SEOUL (Reuters) - An extra budget to be announced by South Korea on Monday is intended to create more jobs, not to boost economic growth, the president's secretary for policy said on Sunday.

"This extra budget is not linked to economic growth we're seeing right now but rather the social classes that are in pain at the moment; it will be to improve their quality of life," Jang Ha-sung told reporters at a media briefing.

Jang, a veteran academic specialising in finance, was named top policy adviser to President Moon Jae-in last month.

He described the current state of jobs as a "catastrophe" that cannot be left alone.

The overall unemployment rate in April stood at 4.2 percent in non-adjusted terms, but the jobless rate for young South Koreans aged 15 to 29 has recently lingered in the double-digit range, sparking concern.

The government's proposed extra budget must be approved by parliament. Opposition lawmakers have said the plan does not meet legal requirements for such spending, but Moon has been firm that it must pass.

The country's first liberal president in nearly a decade, Moon has promised job creation will be a top priority during his presidency.

South Korea's economy has been steadily improving this year on the back of a rebound in global demand for Asian goods.

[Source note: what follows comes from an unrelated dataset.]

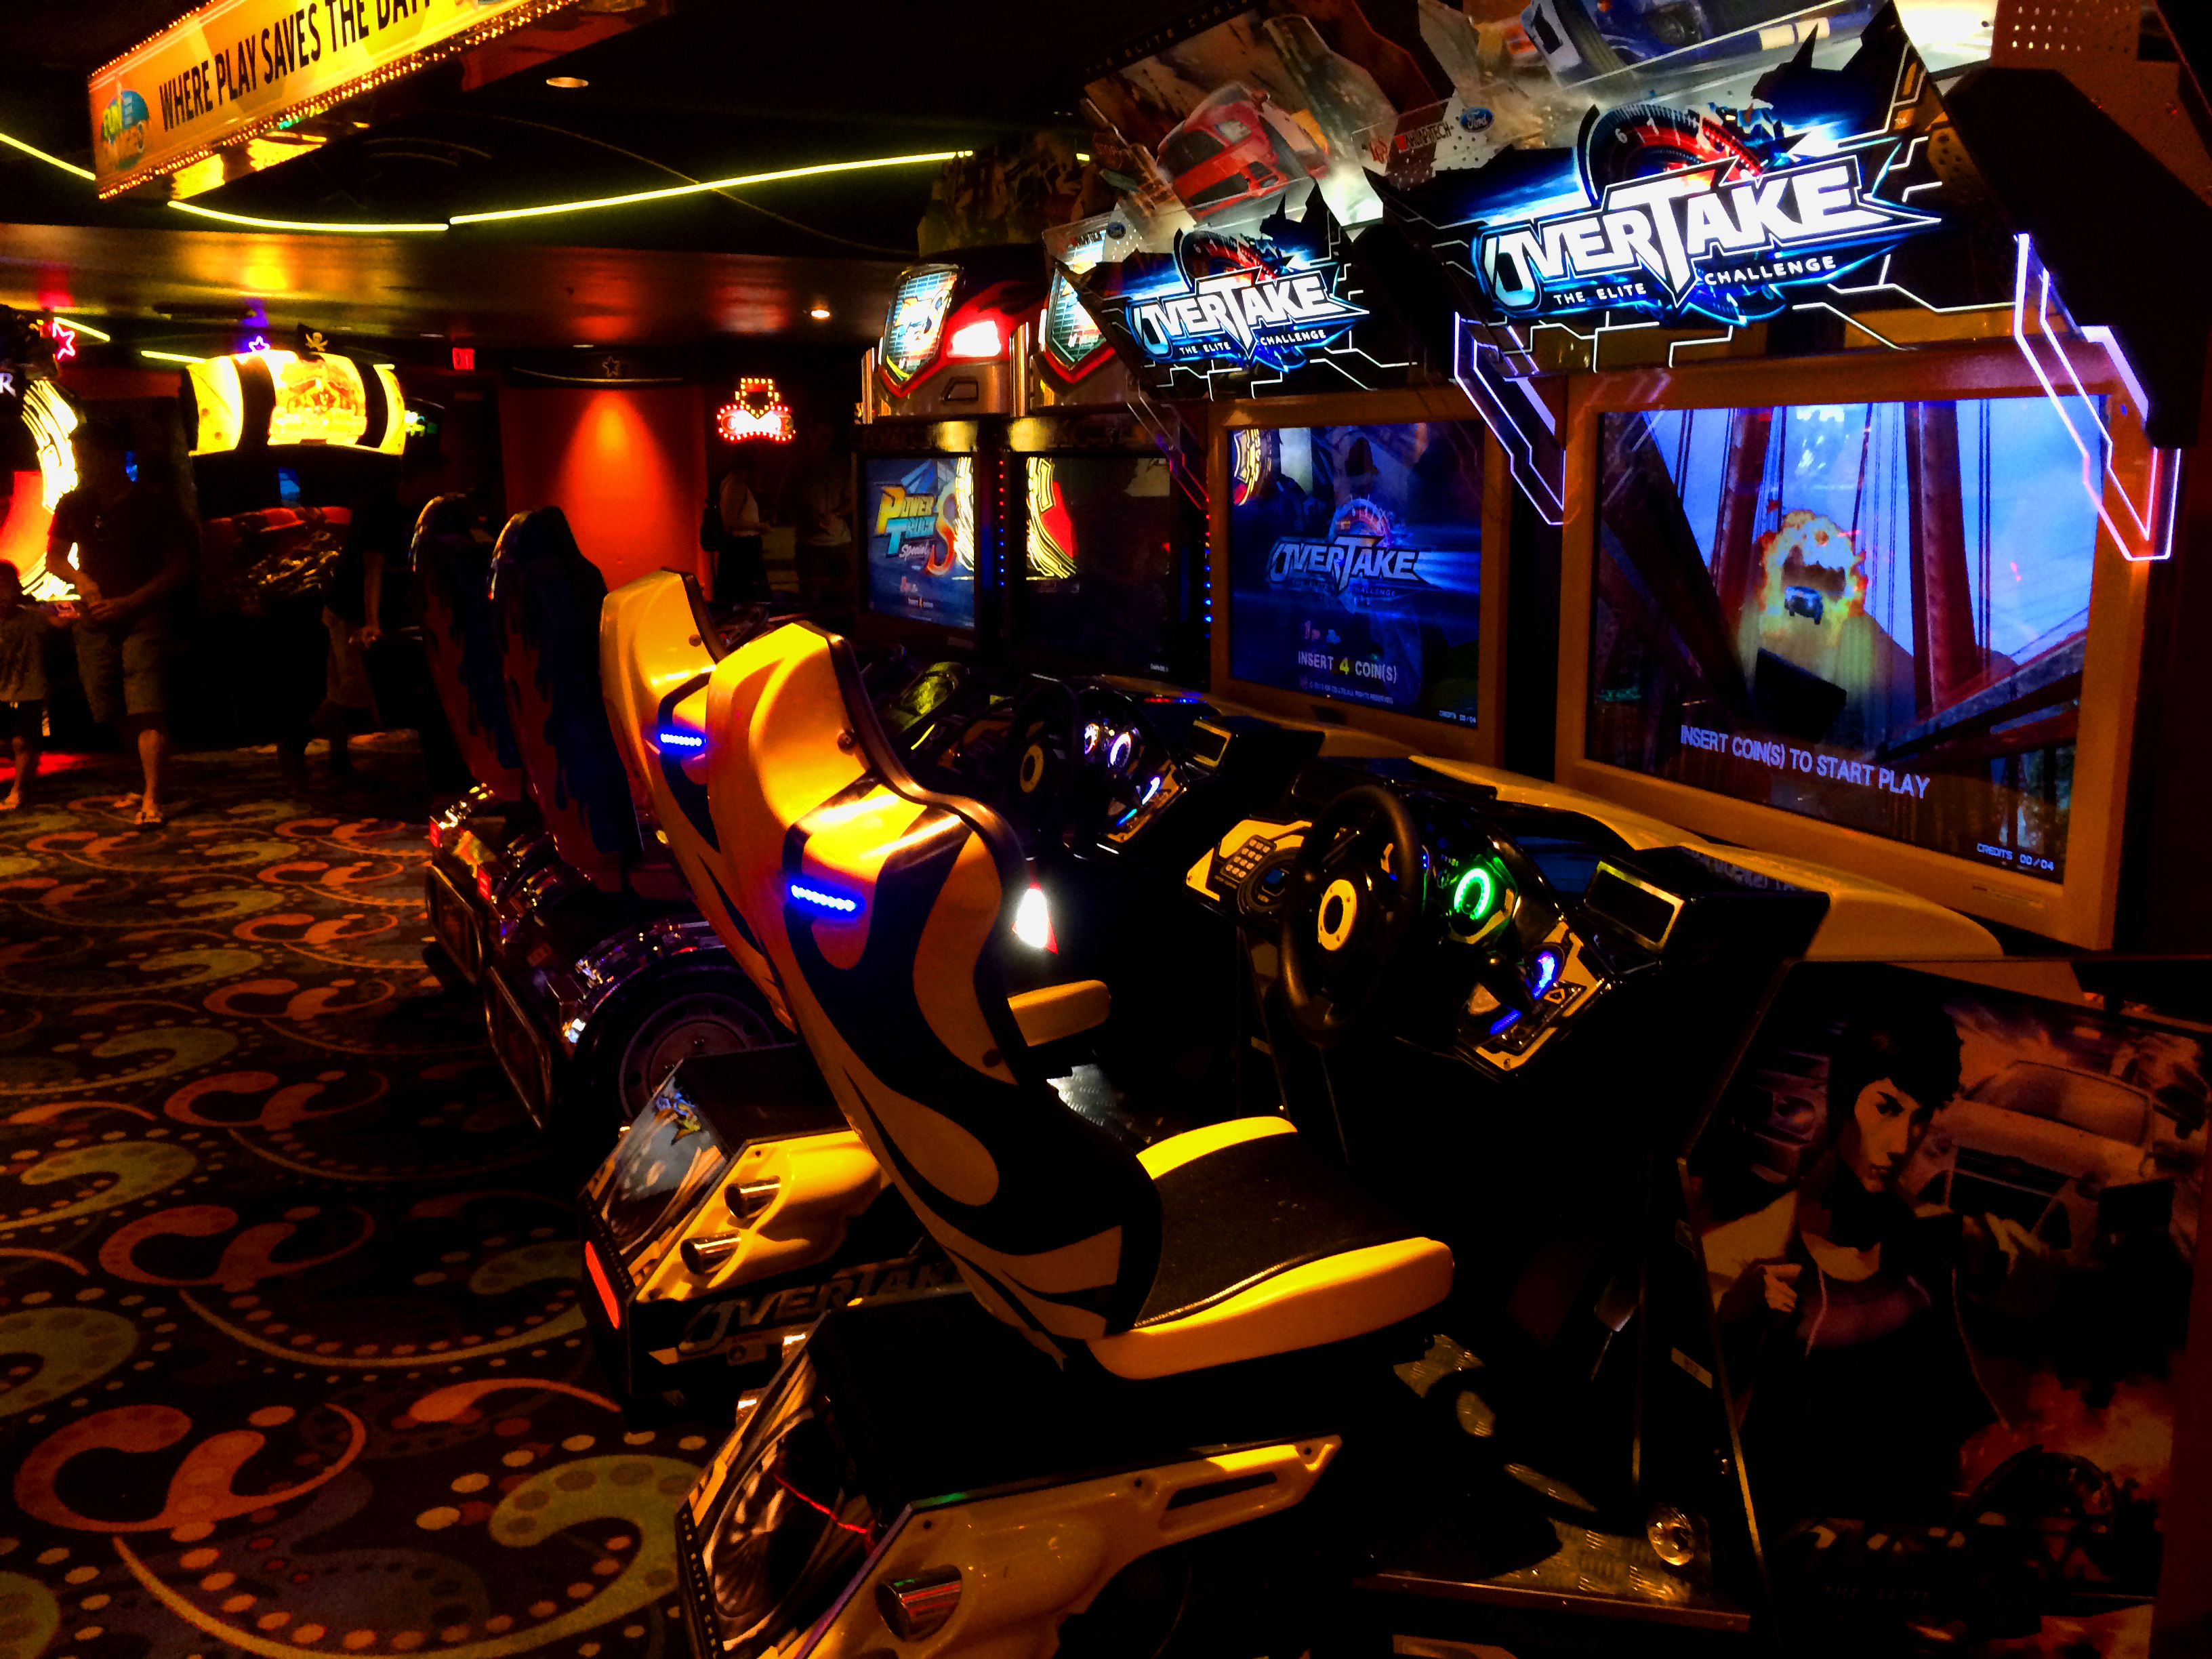 ラスベガスを遊び倒せ ギャンブルとは相反する街で垣間見たアーケードゲームシーンとは Automaton

In May, exports rose for a seventh straight month by 13.4 percent as demand held up for key products such as semiconductor chips and displays.

Boosted by construction activity, Asia's fourth-largest economy grew 1.1 percent in January to March on a seasonally adjusted basis, its highest for six quarters, revised data showed on Friday.

Improving growth has cemented market views that the central bank's policy loosening cycle is over and that the Bank of Korea will likely start normalising rates next year.

Its current interest rate is a record-low 1.25 percent and it is expected to keep it there for the rest of this year.